Pasukan Prancis Bunuh 10 Anggota Militan

Sonya Michaella    •    Rabu, 23 Dec 2015 14:21 WIB
terorisme
Pasukan Prancis Bunuh 10 Anggota Militan
Pasukan Prancis terlibat baku tembak di Mali Utara (Foto:AFP)

Metrotvnews.com, Paris: Kementerian Pertahanan Prancis mengatakan pasukan Prancis menangkap atau membunuh sekitar 10 anggota gerakan militan dalam pertempuran berat di akhir pekan di Mali Utara.

"Pasukan Barkhane Prancis terlibat dalam empat jam baku tembak semalaman pada Sabtu 19 Desember dekat Menaka dengan kelompok Al Murabitoun yang memiliki kaitan dengan Al Qaeda," kata Kementerian Pertahanan Prancis di Paris.

"Sekitar 10 teroris berhasil dilumpuhkan, bahwa tentara Prancis menyita dua truk pick-up, selusin sepeda motor dan sejumlah senjata juga bahan peledak," lanjutnya, seperti dikutip AFP, Rabu (23/12/2015).

Dalam jargon militer tersebut, dinetralkan berarti dibunuh atau ditangkap.

Al-Murabitoun telah bertanggung jawab atas banyak serangan terhadap warga sipil di Mali dan Niger, serta pasukan militer lokal dan internasional.

Kelompok militan itu dibentuk pada 2013 oleh penggabungan dari Al Qaeda Mokhtar Belmokhtar dan Gerakan untuk Kesatuan dan Jihad di Afrika Barat (MUJAQ) yang telah aktif di wilayah Gao, utara Mali.

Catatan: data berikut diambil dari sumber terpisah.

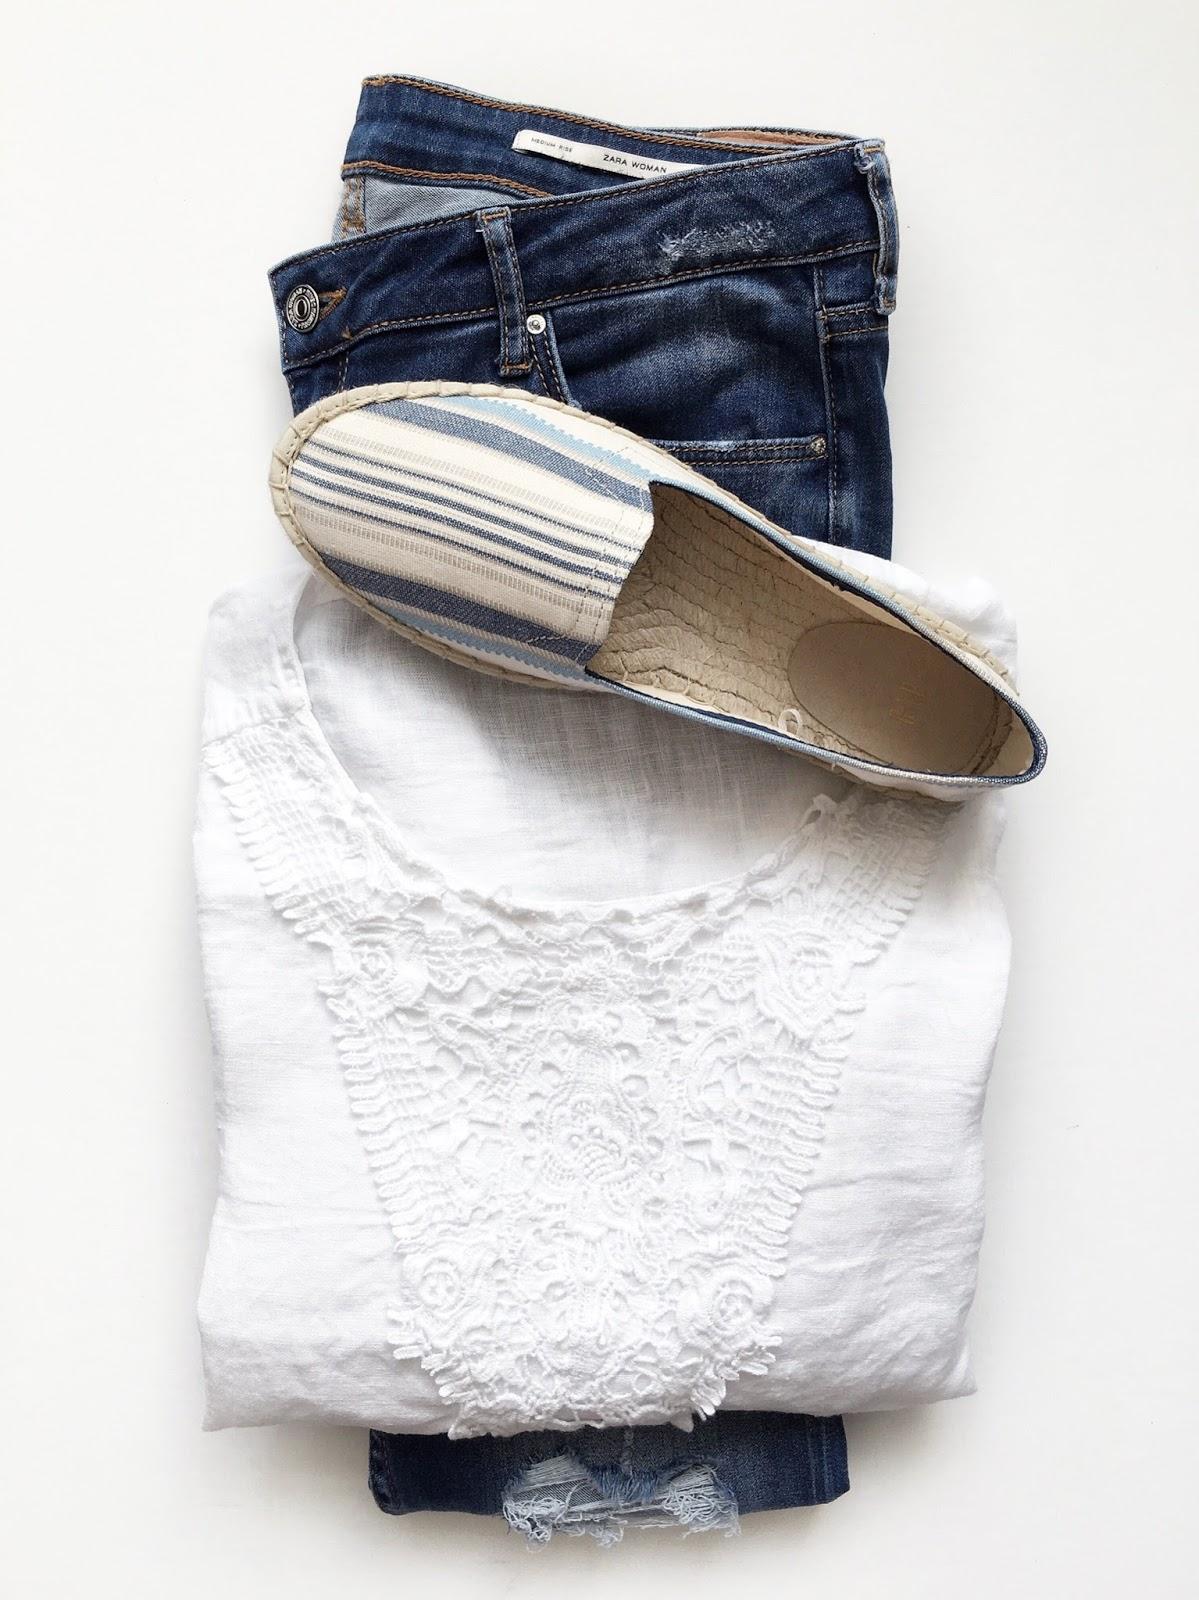 Striped Gap espadrilles, Zara linen top and Zara distressed skinny jeans

Teroris ini juga mengaku di balik serangan 20 November di Hotel Radisson Blu di Ibu Kota Mali, Bamako yang menewaskan 20 orang. Tragedi tersebut adalah operasi bersama dengan Al Qaeda di Maghreb Islam (AQIM).

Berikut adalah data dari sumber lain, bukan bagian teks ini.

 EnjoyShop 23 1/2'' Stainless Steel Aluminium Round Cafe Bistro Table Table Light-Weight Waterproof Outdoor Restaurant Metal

Kelompok jihad lain yang baru-baru ini muncul di tengah Mali, Front Pembebasan Macina, kemudian juga mengaku bertanggung jawab. Mereka bekerja sama dengan Ansar Dine, kelompok dari Mali Utara.

Pada Senin 21 Desember, pemerintah memberlakukan kembali keadaan nasional darurat selama 10 hari terakhir pada tahun ini untuk menghadang setiap ancaman teror.

Mali Utara jatuh di bawah kendali kelompok militan yang terkait dengan Al Qaeda tahun 2012.

Kelompok Islam sebagian digulingkan oleh operasi militer Prancis yang diluncurkan pada Januari 2013, namun sebagian besar wilayah Mali tetap tanpa hukum dan rentan serangan.